A)affinity needs to only run 1 physical core.  PriFinnity lets you set profiles for executables, and automatically sets the affinity when you launch.
B) sound.  even though i have, working properly, a 5.1 system - I have to set it to stereo to launch.  it defaults to stereo, but I always change mine to 5.1... because i can. with this game it crashes.

that being said, I am working regularly now  *in game: SAiNTTHeDoGG*

editk i lied, now it's not working with the above "fixes" enabled.


----------



## Stak (Nov 19, 2010)

i just found something out . that if you stop at a type of house (mostly rich people houses) you can hear the radio that they are listening to. kinda funny. as i just stopped at some nice place there are several nice houses. there you could here some chill music . it was at mystic lake road. and at another house. you could hear people at some talking program.


ugh just had to do a bust mission with the porsche panmera. what an awful vehicle. it like a tank, its fast and it can wreck others pretty easy put cornering is just awful. especially drifting.

@erocker: that vid is awesome.


----------



## Jaffakeik (Nov 20, 2010)

Ok, my ingame name is arciks85 so add me.I tried to add some of you but looks like you didnt got invite or whatever.So just count me in.I play mainly with racer didnt played with cop yet.Got couple mp games


----------



## zaqwsx (Nov 20, 2010)

im zach90z add me!


----------



## DRDNA (Nov 20, 2010)

smittin333
THIS GAME IS GREAT!!! lol I had a hard time getting my self to stop playing so I could come back in here and give my game name...lol


----------



## RejZoR (Nov 20, 2010)

RejZoR - RejZoR

I need more ppl on Auto Log for extra challenge.


----------



## erocker (Nov 20, 2010)

Somebody get in and play so we can duel.


----------



## alexsubri (Nov 20, 2010)

This game looks badass, never played it since NFS 1 came out lol..I was into more of Twisted Metal.
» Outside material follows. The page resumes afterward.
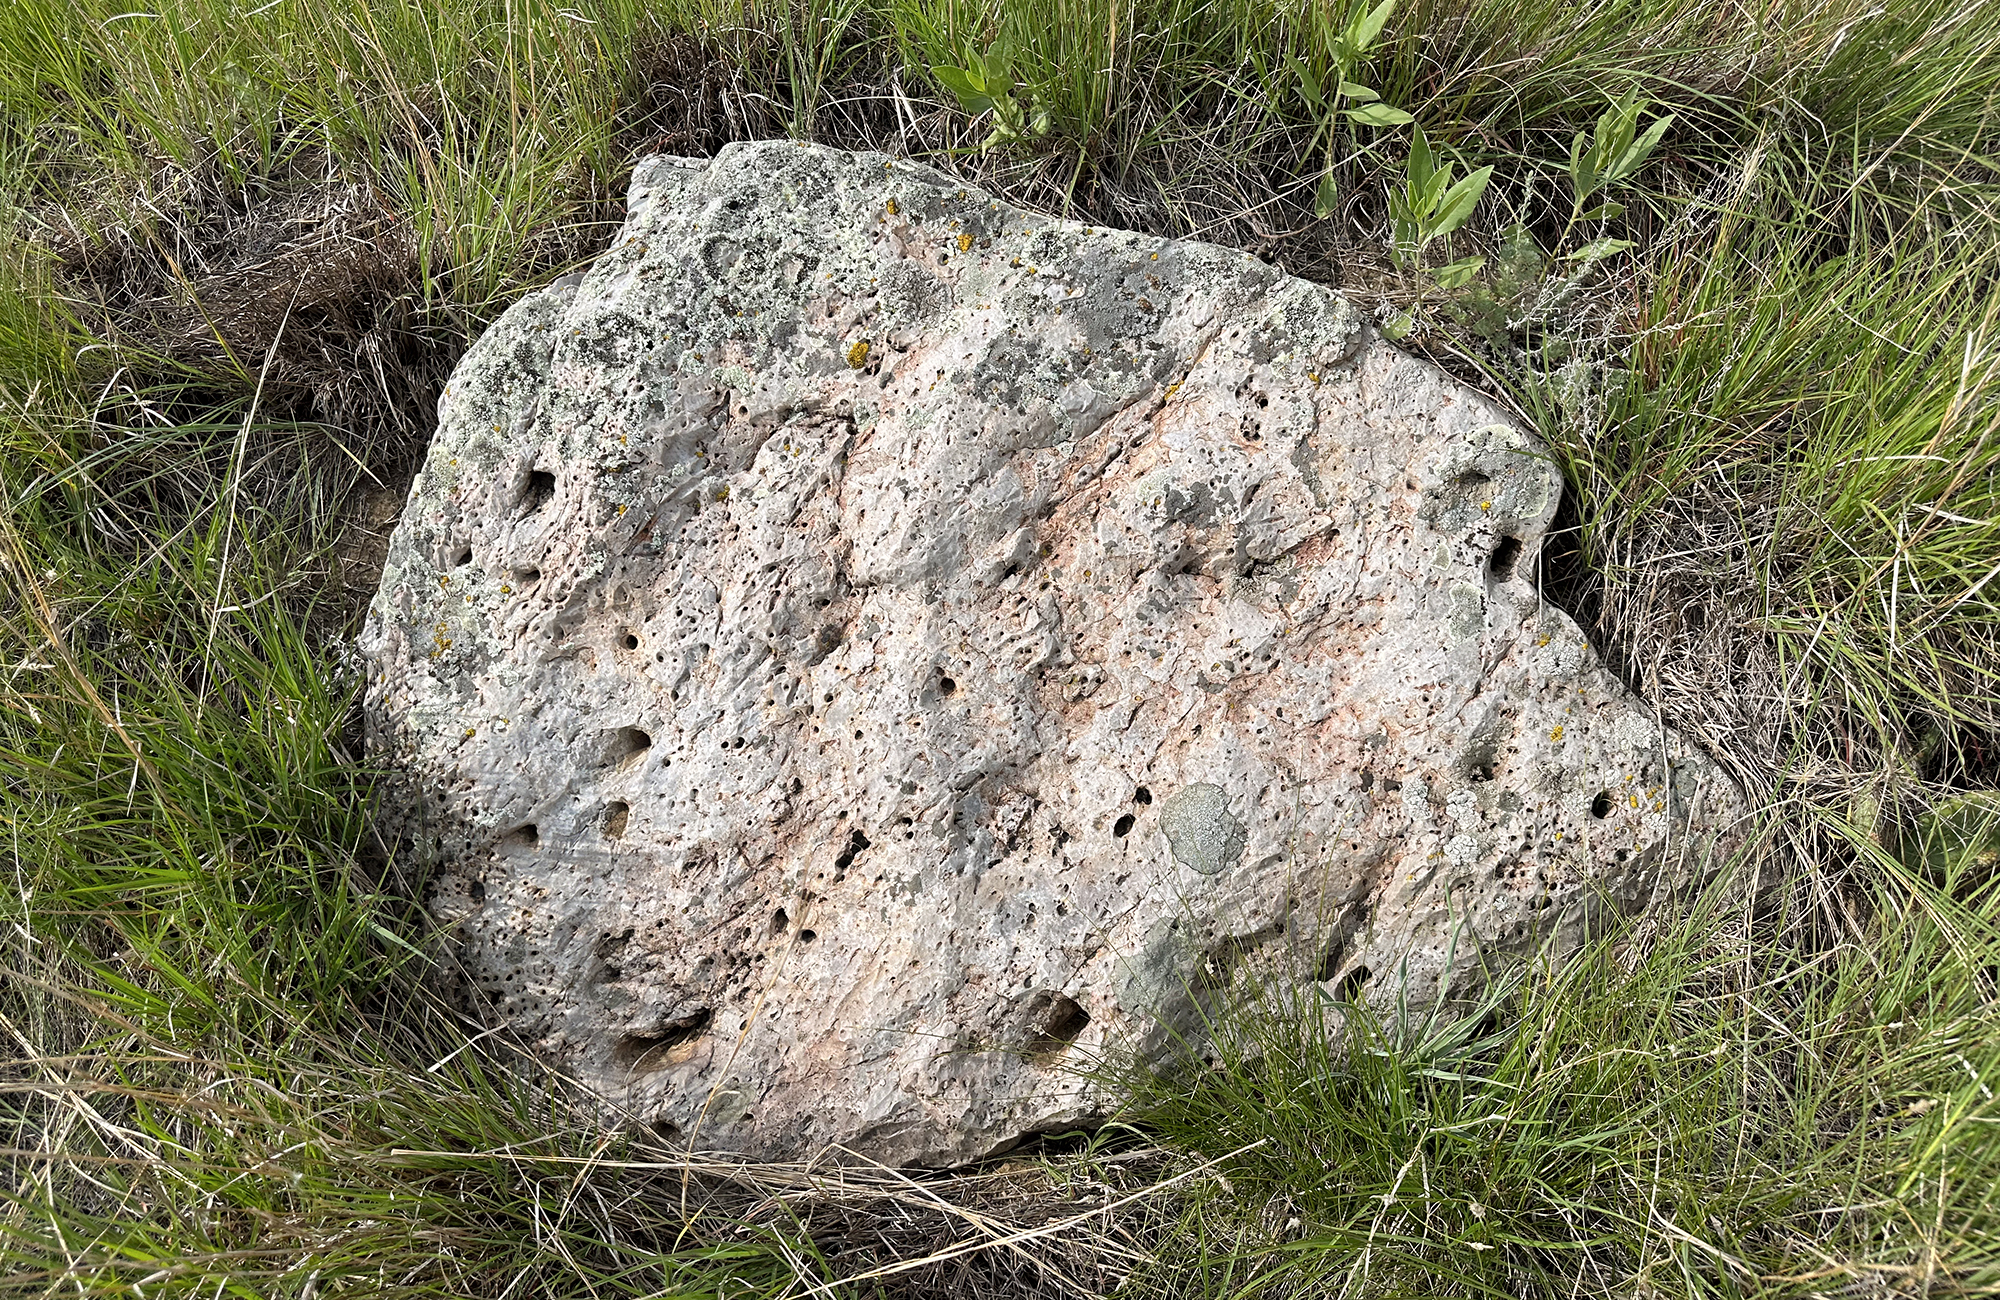 A slightly pink rock with thousands of little holes laying in the grass.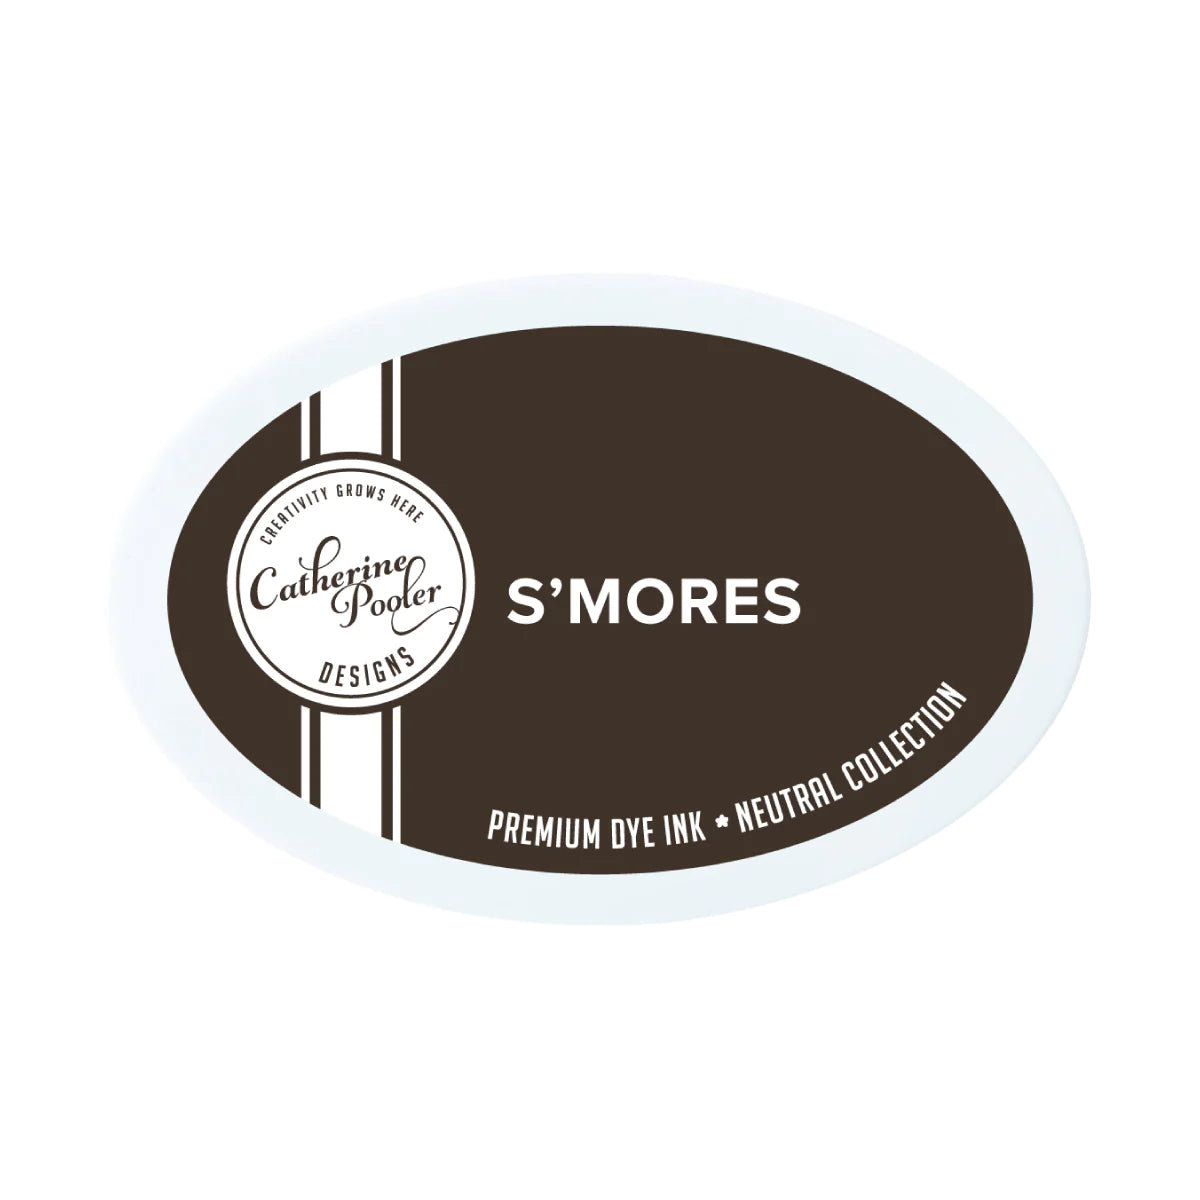 S'mores Premium Dye Ink Pad - Neutrals Collection

LOL 

Erocker --did you use a controller or keyboard?


----------



## zaqwsx (Nov 20, 2010)

http://www.youtube.com/watch?v=cm8f-player_embedded#!

NFSHP video movie in italy

Also 3 more races till im done with racer! I need more times to beat also guys!


----------



## Stak (Nov 20, 2010)

how do you invite/accept friends?


----------



## kid41212003 (Nov 20, 2010)

Is there anyway to enable AA in this game?


----------



## DRDNA (Nov 20, 2010)

Stak said:


> how do you invite/accept friends?


give me on second>> go to Hot Pursuit online/Join Friend/ Add friends


kid41212003 said:


> Is there anyway to enable AA in this game?



NO!


----------



## RejZoR (Nov 20, 2010)

Plz confirm my requests, i need some competition on Auto Log


----------



## Stak (Nov 20, 2010)

DRDNA said:


> give me on second>> go to Hot Pursuit online/Join Friend/ Add friends
> 
> 
> NO!





RejZoR said:


> Plz confirm my requests, i need some competition on Auto Log



i just added you both! lets do sumthin'!


a question, are my posts at the wall in dutch or in english? i see them as dutch. while i see the rest as english posts. if it is written in Dutch i ask, how do you change the language?


----------



## zaqwsx (Nov 20, 2010)

I re-added everyone I had people i didnt know. So everyone is readded from the list anyone not on the list let erocker know so he can update it and i can add you guys!


----------



## TRIPTEX_CAN (Nov 20, 2010)

Picked up the game today. In game name will be TRIPTEX. I should be playing this evening.


----------



## Batou1986 (Nov 20, 2010)

This game is awesome definitely gonna buy it after trying the "pc demo" it runs great too maxed which i was surprised at.


----------



## Jaffakeik (Nov 21, 2010)

Got couple games with Erocker and must say,he is a tought opponent  But still I wrecked him once


----------



## erocker (Nov 21, 2010)

Arciks said:


> Got couple games with Erocker and must say,he is a tought opponent  But still I wrecked him once



Yeah, you got me good!


----------



## zaqwsx (Nov 21, 2010)

Anyone in any games atm?


----------



## TRIPTEX_CAN (Nov 21, 2010)

Due to a typo my in game name is "treiptex". 

Feel free to add me.


----------



## 1Kurgan1 (Nov 21, 2010)

TRIPTEX_CAN said:


> Due to a typo my in game name is "treiptex".
> 
> Feel free to add me.



That right there made my day, I almost want to buy it just to screen cap that, someone please do it for me.


----------



## digibucc (Nov 21, 2010)

TRIPTEX_CAN said:


> Due to a typo my in game name is "treiptex".
> 
> Feel free to add me.



sent a request, seems I had an ea account under "saintthedogg"  that it tied to, and i can't possibly change it.  crap.



1Kurgan1 said:


> That right there made my day, I almost want to buy it just to screen cap that, someone please do it for me.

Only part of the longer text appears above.